The average total of four per town is sometimes reached in a rather curious way. In Ringsted, for instance, a town of 8,000 inhabitants, there are the full four, but two of them are dailies of other towns with a Ringsted title put on. To make up for this, the two papers actually made and printed in Ringsted are exported to several other towns, where they duly appear with appropriate local titles. Except for the very biggest of the provincial dailies, the appearance of these local papers is not impressive; one might suppose that they bought up a sackful of mixed out-of-date types when they were founded, and have gone on happily using them ever since. But the editing is impressive, and occupies some of the best men in the country. Many groups of papers support their own correspondent in London and any other necessary centres abroad ; and the Danish farmer who reads nothing but the local daily of which he owns one or two shares may be certain of getting a balanced and comprehensive idea of what is going on in his country and the world at large.

Returning now more particularly to Copenhagen, there is one aspect of Danish journalism which is bound to interest any English reader: a certain sceptical, ironic, often witty approach to topics of every sort, such as practically no paper in England would dare to risk except a serious weekly that cost at least sixpence. The ordinary man and his beliefs, royalty, famous sportsmen—nobody is exempt from this kind of treatment. Even a favourite actress may be pleasantly but quite acidly mocked. It is the tone of a people which does not lightly make heroes, but there is no rancour behind it, and to anyone who knows the lush ecstasies of some of the English newspapers it is extremely refreshing. The only people to whom the journalists are unfailingly polite, as far as I can see, are distinguished foreign visitors, particularly from England ; and no doubt if they were here a little longer they, too, would get their share of plain speaking.

As a nation, I think the Danes are, in a wholly reasonable and justified way, well pleased with themselves. " Self- satisfied " would be quite the wrong word. They do not for a moment rest content with what they have achieved, but are always on the look-out for some way of improving their standards. Almost every day one reads in the papers of some new scheme for better food for schoolchildren, a better ferry service here, a better museum there, better training for the Danish housewife : they are even willing to talk of rationalising their fantastic system of counting, as in the past they have rationalised their coinage and their weights and measures.

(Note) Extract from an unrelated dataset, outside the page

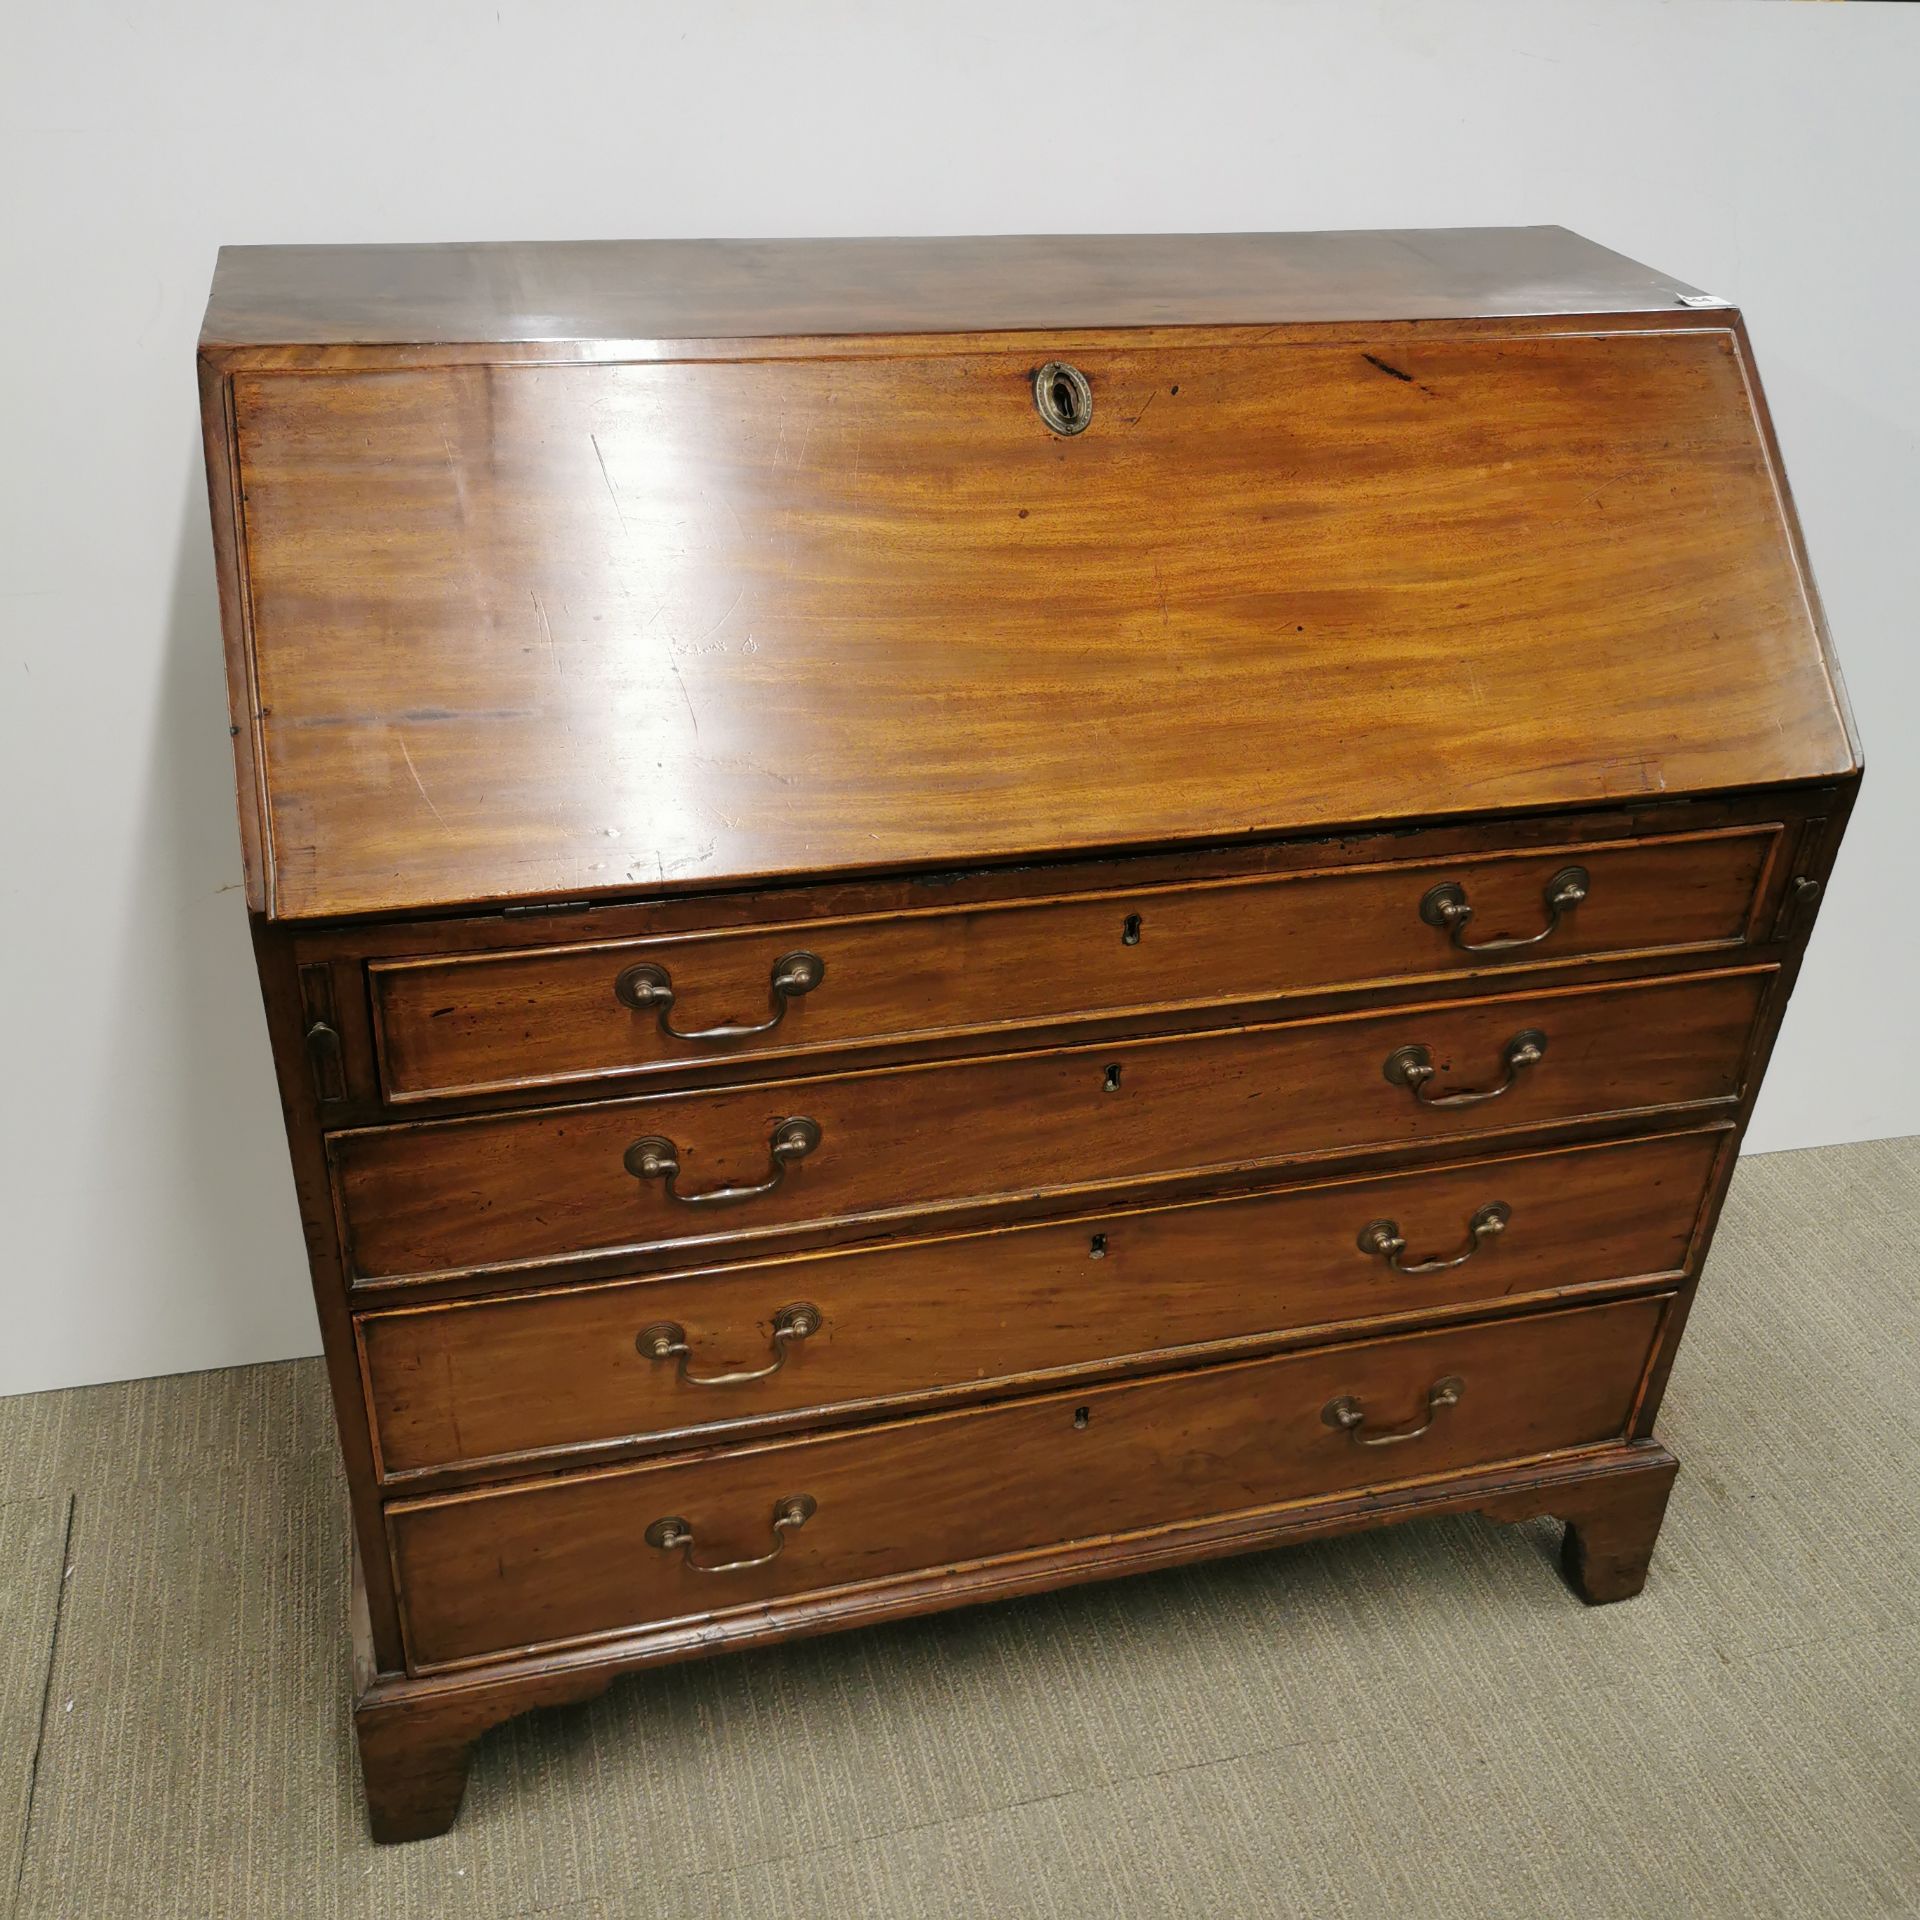 A Georgian four drawer mahogany bureau, size 106 x 54 x 107cm.

National pride they have in a strong degree, and have had for many hundreds of years—longer, certainly, than the British have, and for the good reason, as somebody said to me the other day, that " England has never been so constantly threatened." " Denmark, Denmark," say all the songs which they sing whenever_ they get the slightest opportunity : " Denmark where I was born," " Denmark where the men are brave and the women beautiful," " Denmark where the beech woods run down to the sea." Just what this pride in being Danish means to them, of course, no outsider can judge, but of one thing I am perfectly sure : it is pride, not prejudice.

As far as the individual goes, the limits of pride are very clearly defined. He may be a clever chap, but he must on no account appear to know it. To be " self-glad " is one of the intolerable offences in this very tolerant country, and I think that this special Press tone which I have mentioned comes from the all-pervading desire to take the individual down a peg or two, for his own good, and at the same time to push the general national standard a peg or two up. And having written that sentence I sit and look at it in astonish- ment, wondering when the daily paper will exist in England of which anything remotely the same could be said.